* **Required work**
I would like the lines below, from the one with "Zestaw 6 szklanek" through the one with "- szkło ...", copied exactly and without any pictures.

* **Record set**
[Start of section]
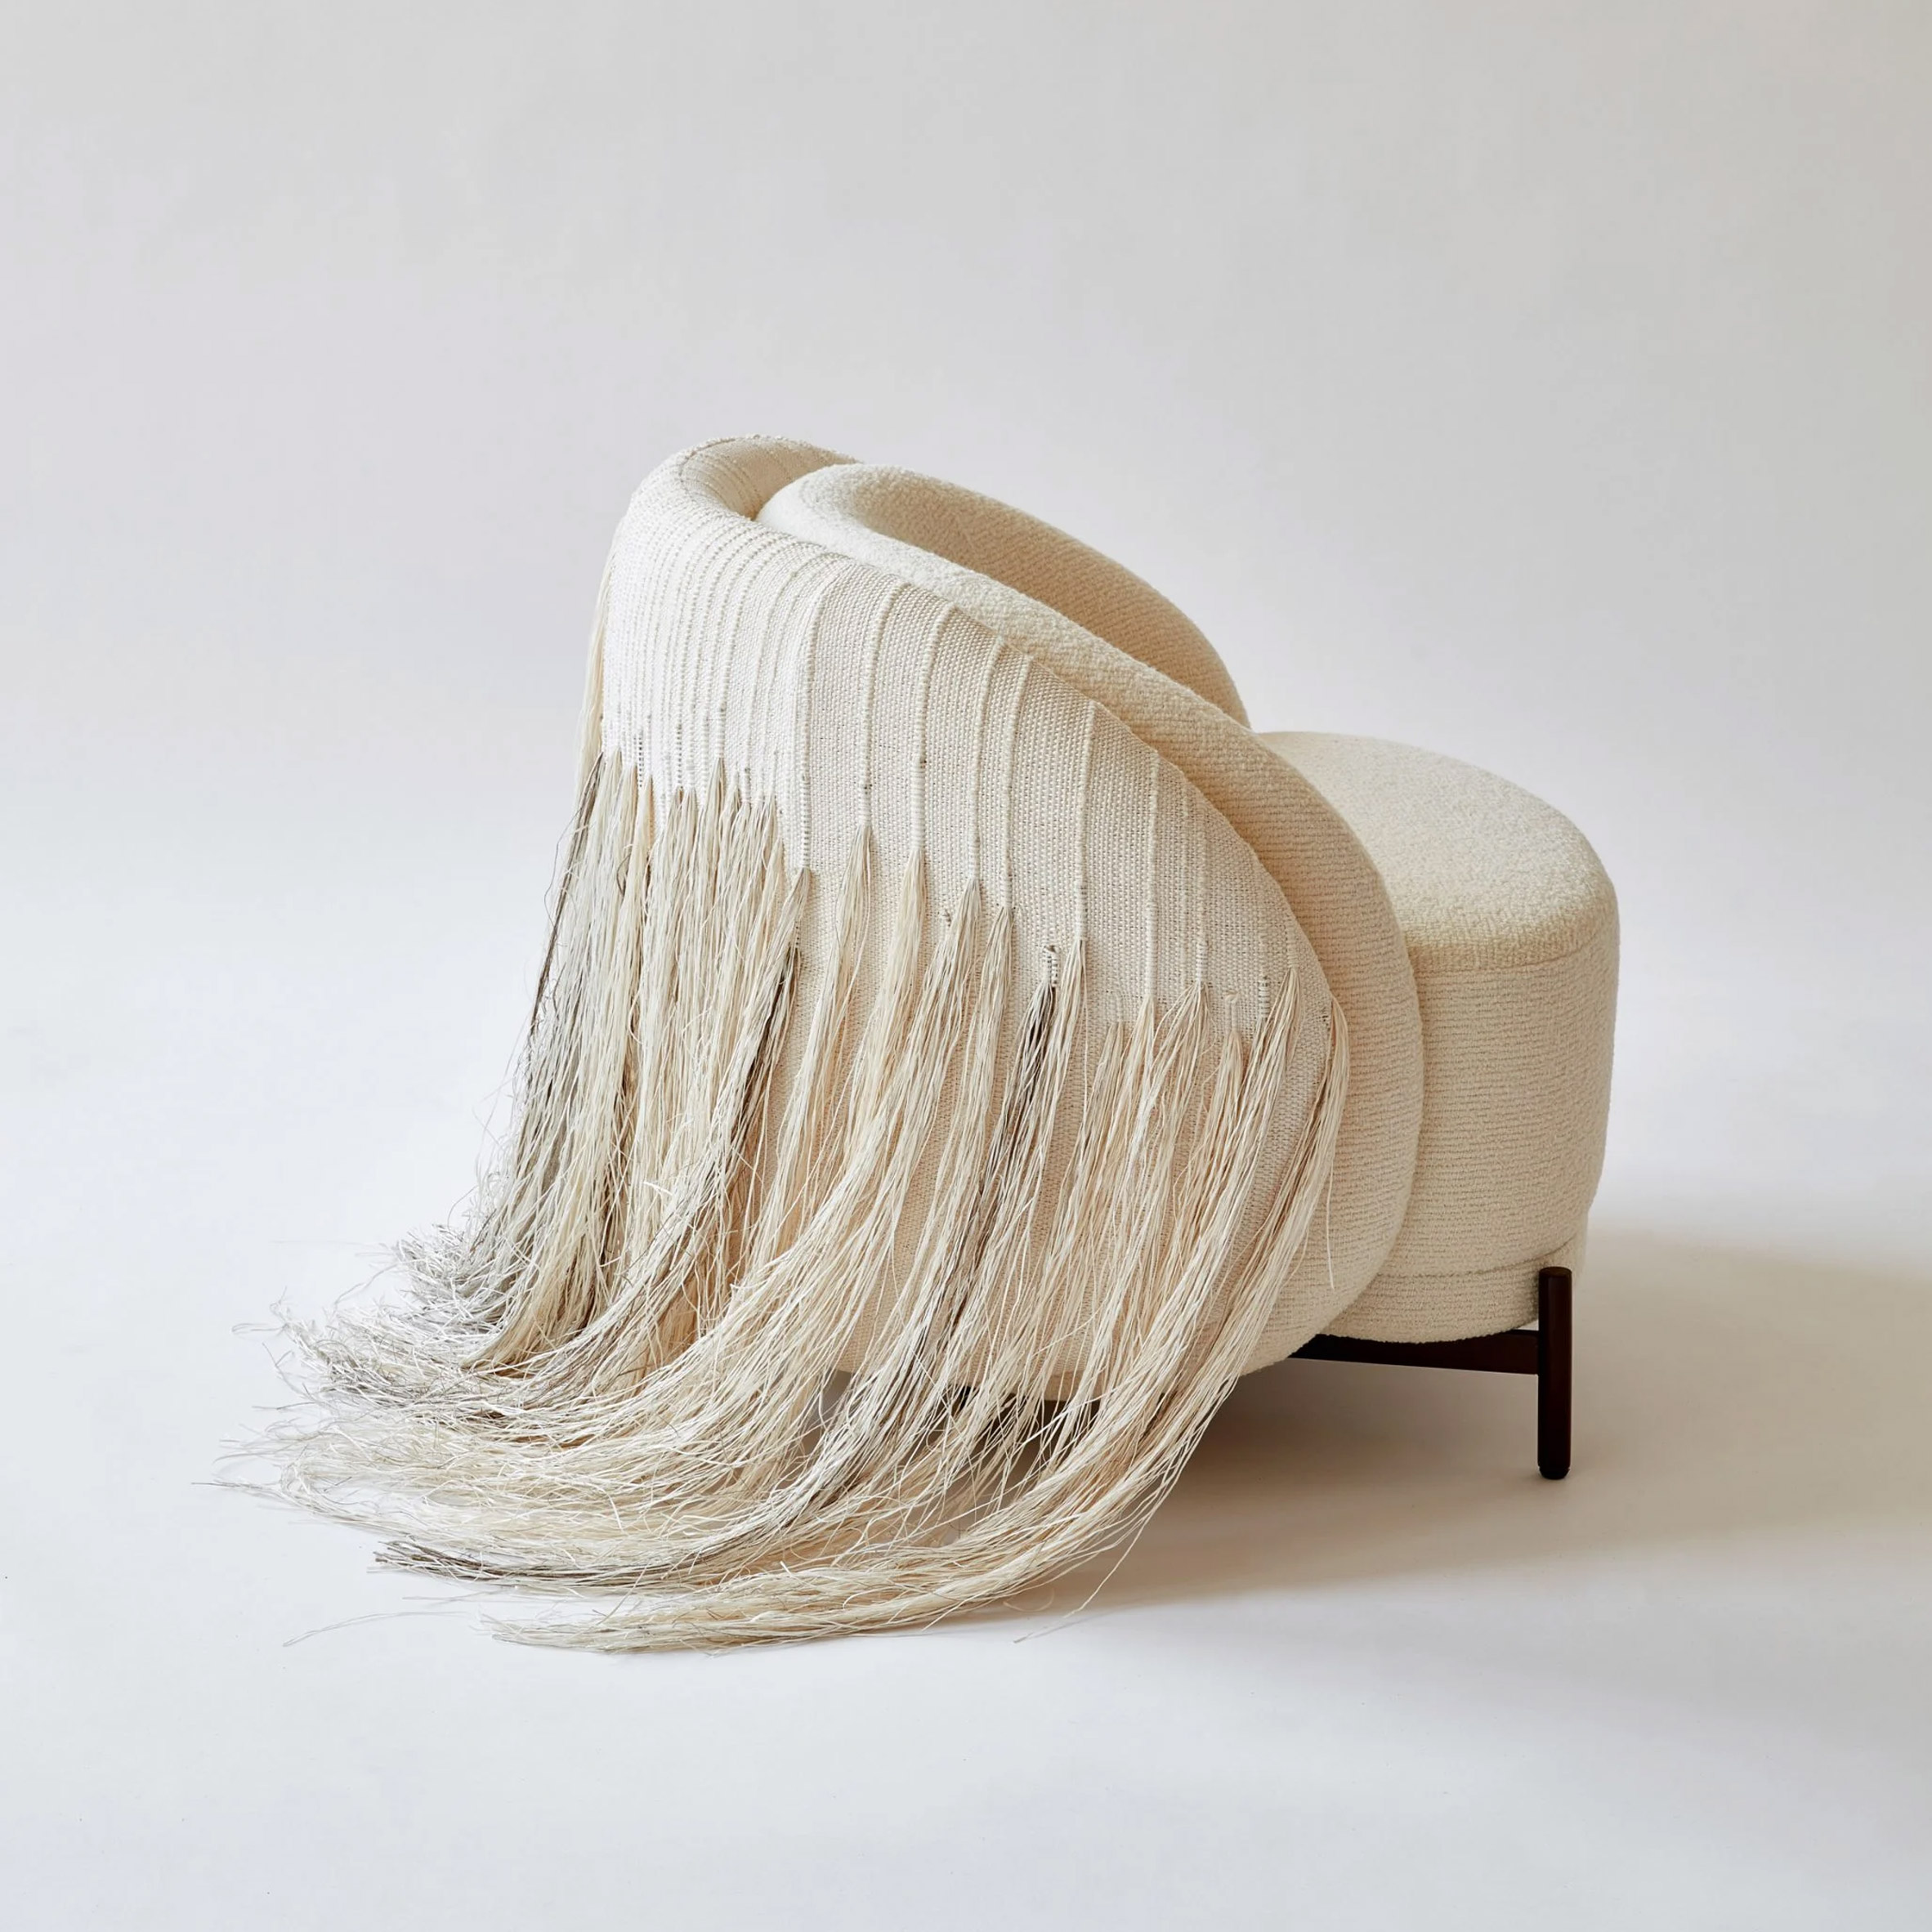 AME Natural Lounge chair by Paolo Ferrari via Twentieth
[End of section]
[Start of section]
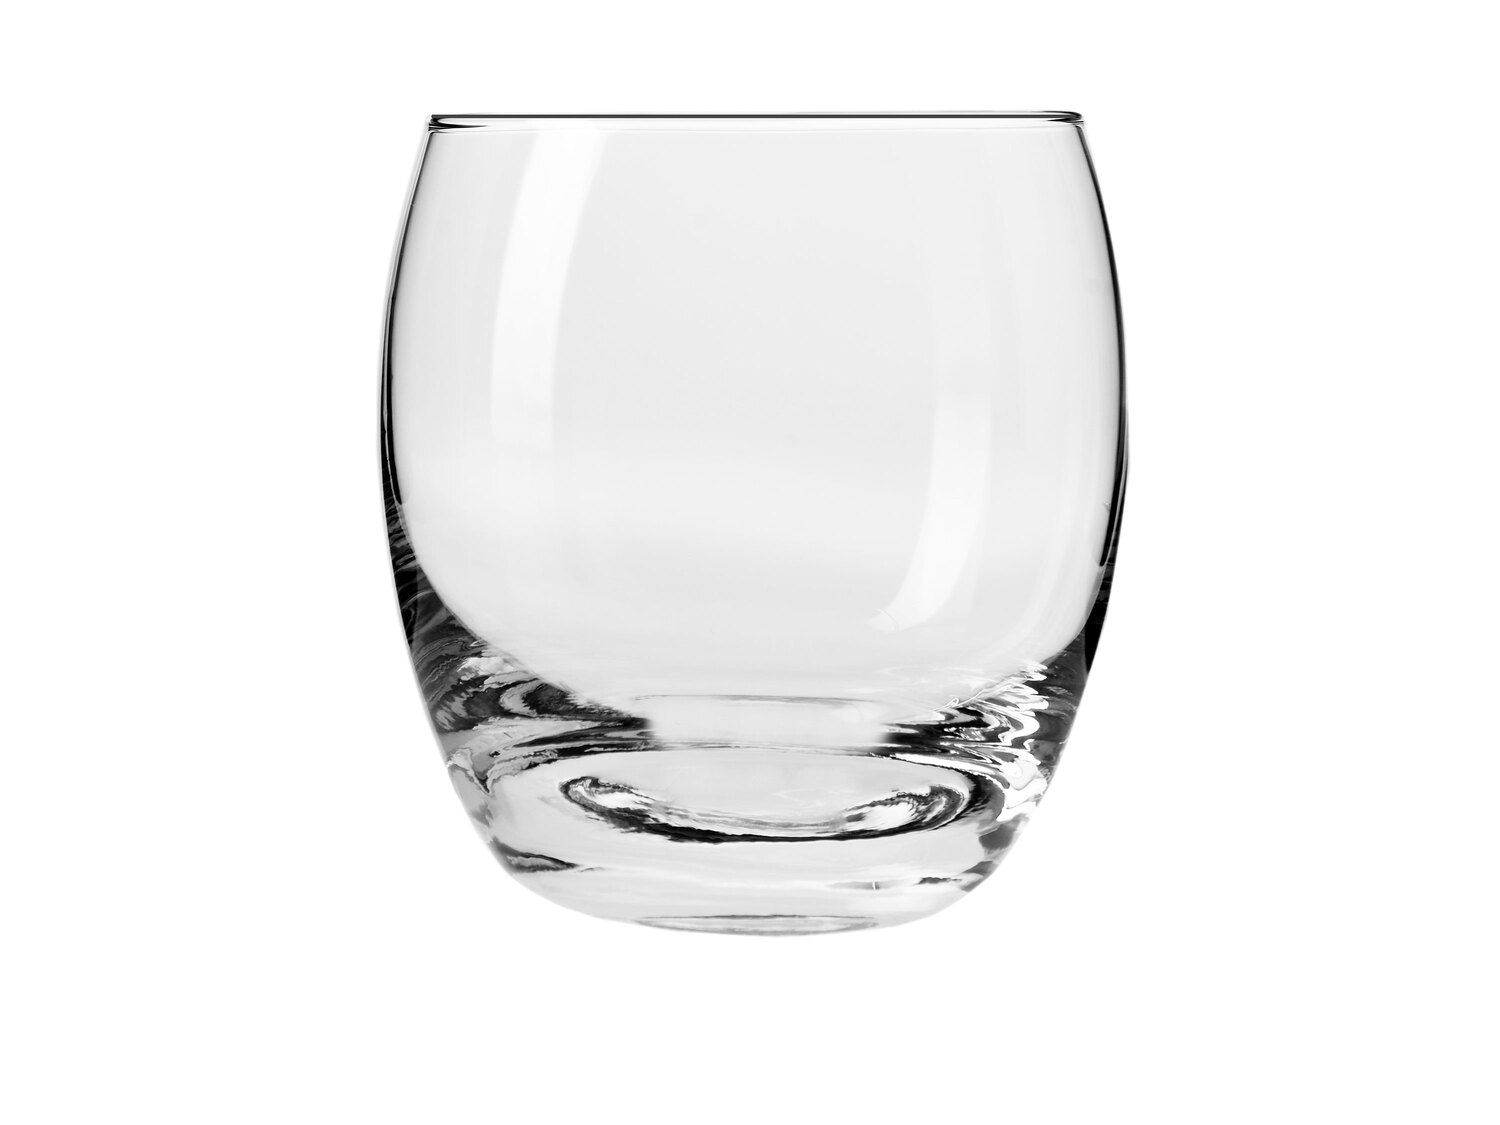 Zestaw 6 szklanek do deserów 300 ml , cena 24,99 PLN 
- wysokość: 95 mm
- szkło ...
[End of section]
* **Written solution**
 Zestaw 6 szklanek do deserów 300 ml , cena 24,99 PLN 
- wysokość: 95 mm
- szkło ...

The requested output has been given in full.